Desenvolvimento sustentável é o que pode ser continuado, ao contrário da cobra que come o próprio rabo. Parece óbvio, mas foi a pecinha que deu o clique para o encadeamento de novas tratativas mundiais. A redação meio literária que figura no Relatório Brundtland (“atender as necessidades do presente sem comprometer a capacidade de futuras gerações proverem suas próprias necessidades”) não tranquilizou as dúvidas dos subdesenvolvidos quanto a condicionamentos impostos ao crescimento de suas economias. Mais adiante negociou-se no PNUMA um texto explicativo que passou a ser aceito.

Esse detalhe serve para mostrar que, nos entendimentos internacionais, vale o escrito. Idéias, por melhores que forem, terão de ser formuladas em redações aceitas por todos. Não é fácil, se levarmos em conta o tamanho e a diversidade da comunidade internacional e o fato de que, apesar da preponderância do inglês, a negociação passa-se nas seis línguas oficiais da ONU. Daí a lentidão do processo negociador e a sensação de muito trabalho para produzir textos em vez de ações. Ação que não se baseia em acordo escrito é violência.

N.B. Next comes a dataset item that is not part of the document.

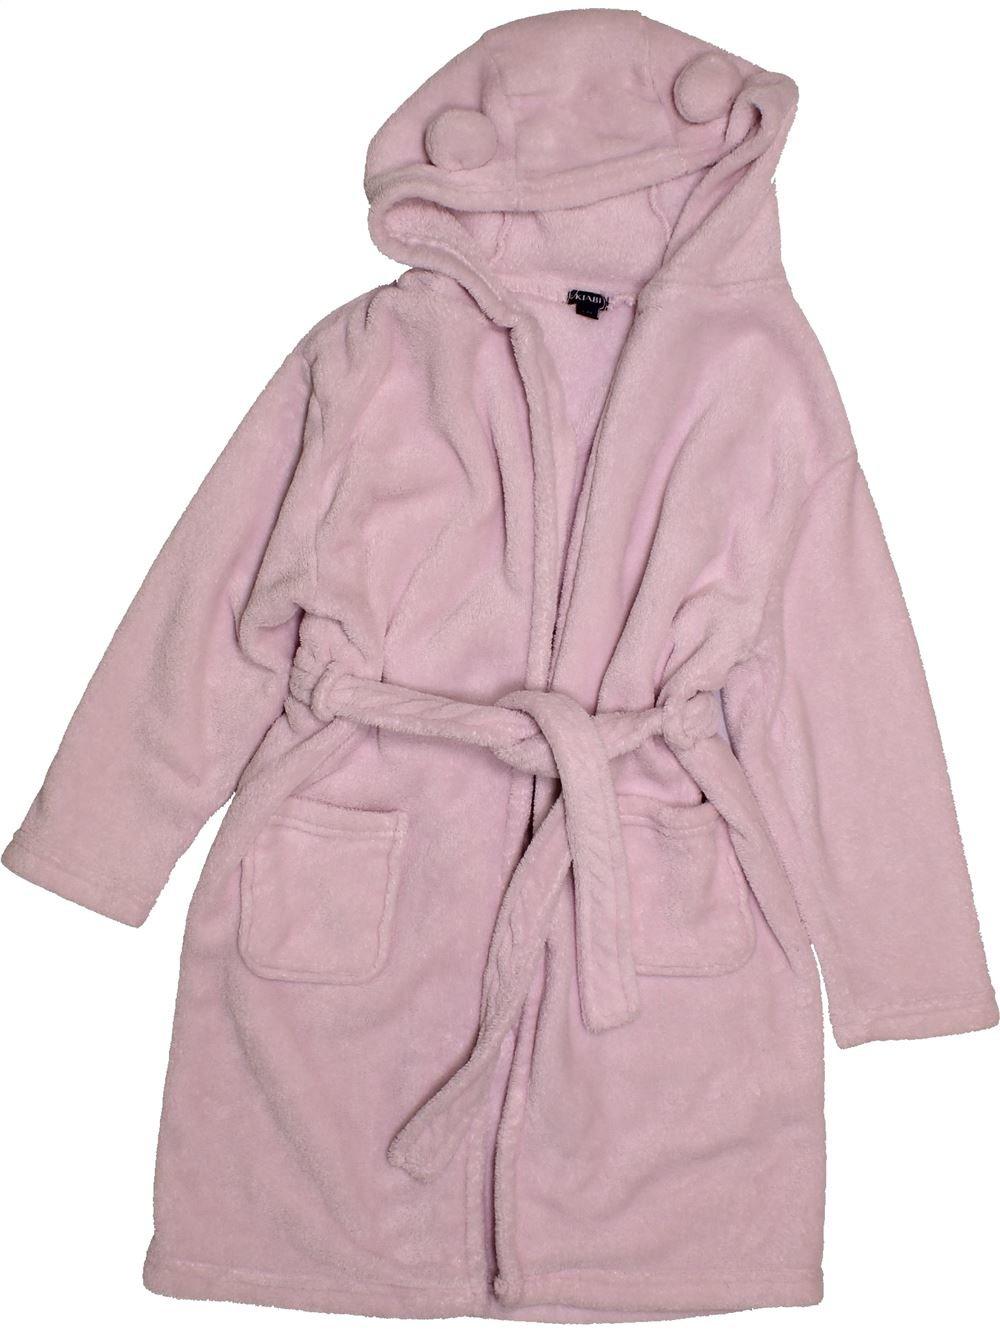 Robe De Chambre Fille Kiabi 8 Ans Pas Cher 4 49 1557854

Os Governos só voltaram a mexer-se por causa da percepção de que a máquina do mundo estava apresentando sérios problemas.

Primeiro foi a observação de que a camada de ozônio, uma espécie de filtro solar, estava se esgarçando e se desfazendo. A origem do mal foi identificada: alguns gazes produzidos para a indústria de refrigeração entre outras. A reação foi rápida. Com câncer de pele não se brinca. Em 1985, concluiu-se uma Convenção em Viena (sempre os papéis), dois anos depois regulamentada por um Protocolo negociado em Montreal. Os gases nocivos teriam de ser abandonados e substituídos por outros. Quem pagaria a conta da adaptação industrial nos países em desenvolvimento? Novas negociações, em 1990, levaram à criação de um fundo. Essa é uma história de sucesso. Ainda assim, leve-se em conta que o problema, grande que fosse, era circunscrito e havia meios disponíveis para solucioná-lo.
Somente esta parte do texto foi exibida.